*What is being asked*. Reproduce the listing below exactly. Pictures do not belong in the copy.
++++ Provided data ++++
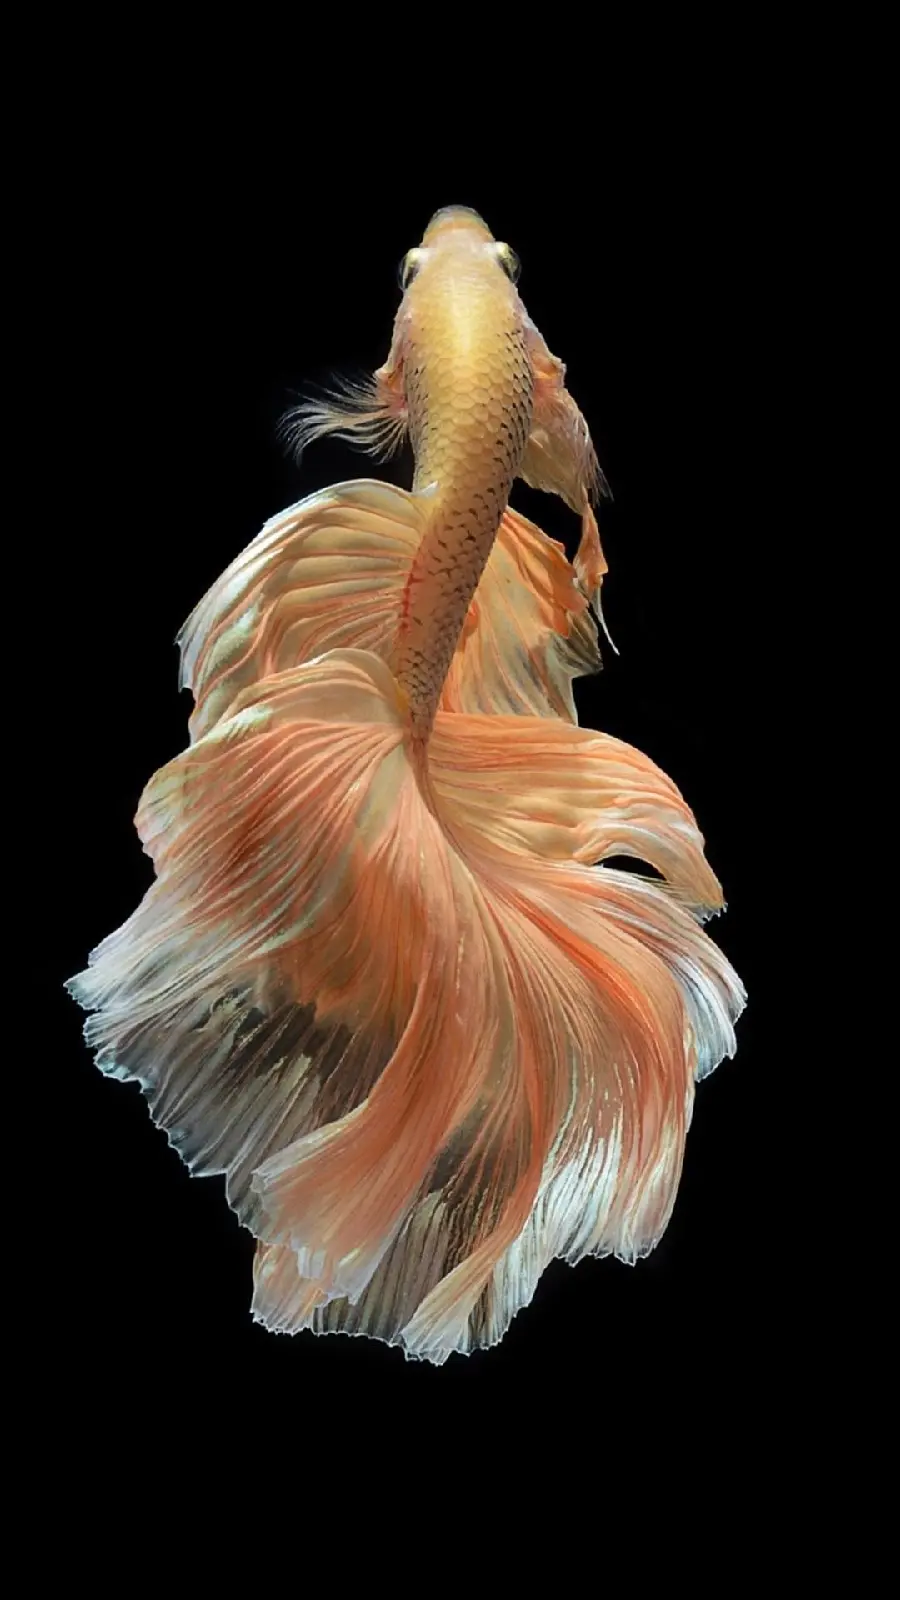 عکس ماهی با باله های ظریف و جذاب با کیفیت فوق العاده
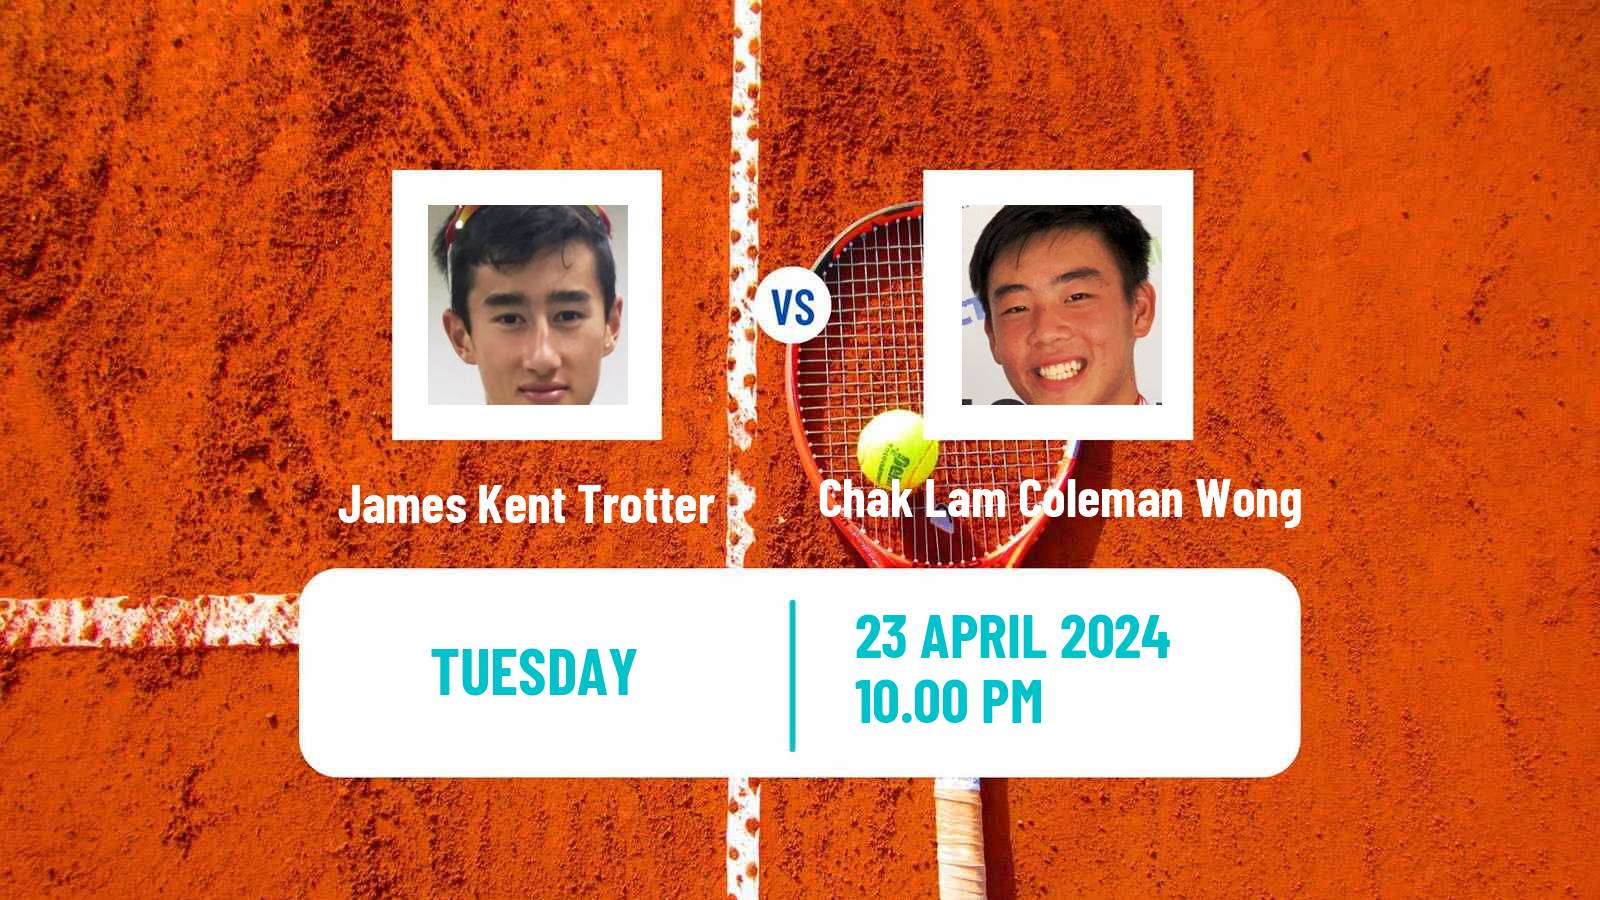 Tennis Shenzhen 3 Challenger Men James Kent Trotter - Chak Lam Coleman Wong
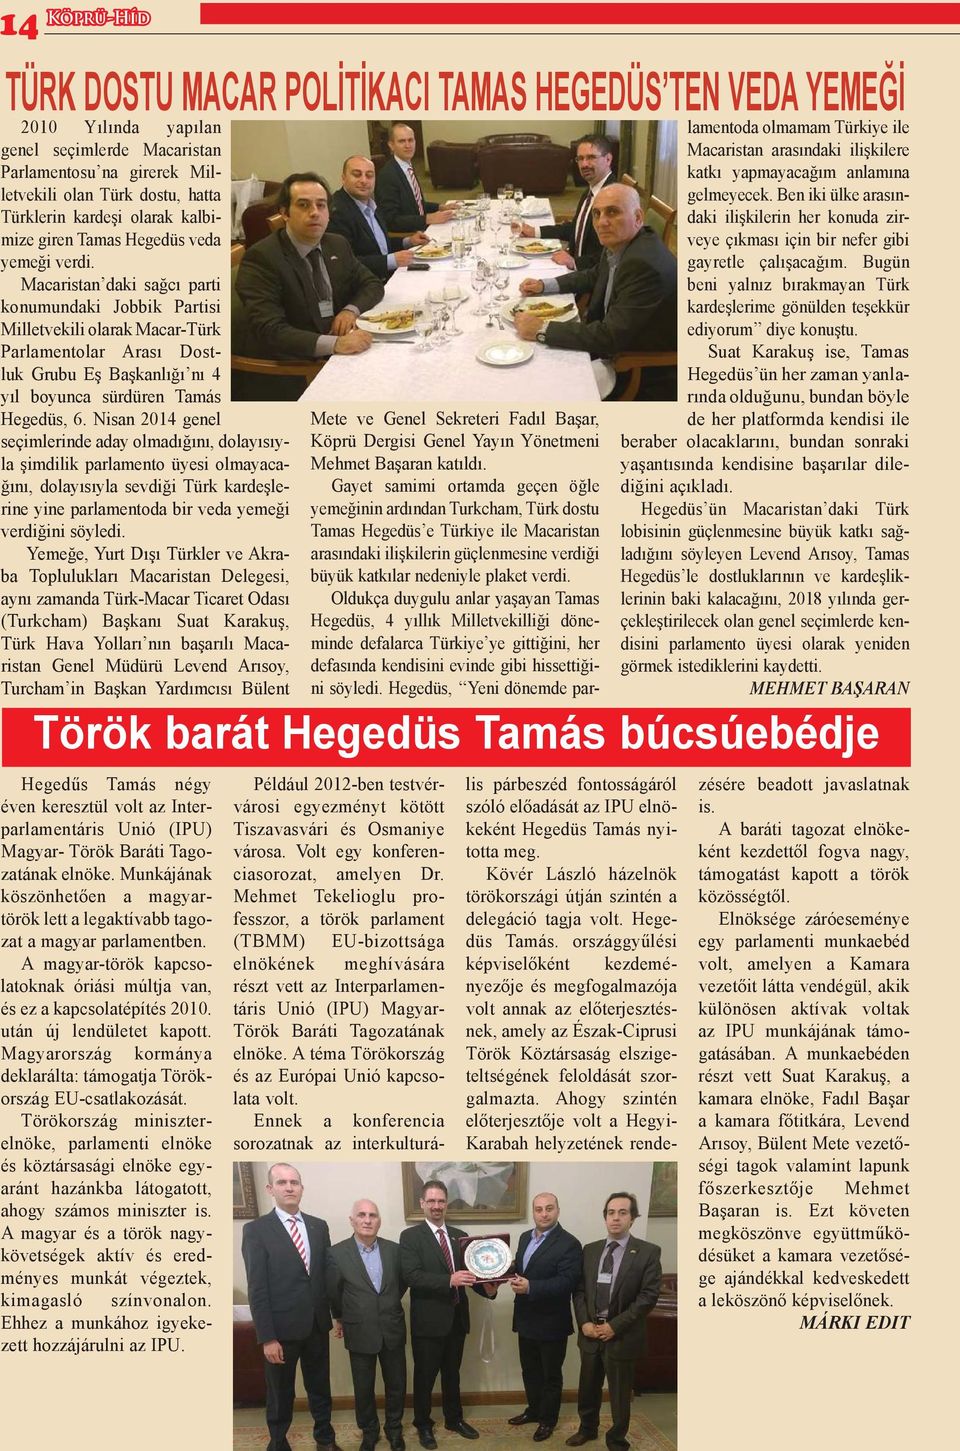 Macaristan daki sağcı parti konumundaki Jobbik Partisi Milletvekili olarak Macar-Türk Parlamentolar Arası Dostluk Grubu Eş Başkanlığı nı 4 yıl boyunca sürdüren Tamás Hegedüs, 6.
++++
*Response*.
 عکس ماهی با باله های ظریف و جذاب با کیفیت فوق العاده
 Tennis Shenzhen 3 Challenger Men James Kent Trotter - Chak Lam Coleman Wong
 Macaristan daki sağcı parti konumundaki Jobbik Partisi Milletvekili olarak Macar-Türk Parlamentolar Arası Dostluk Grubu Eş Başkanlığı nı 4 yıl boyunca sürdüren Tamás Hegedüs, 6.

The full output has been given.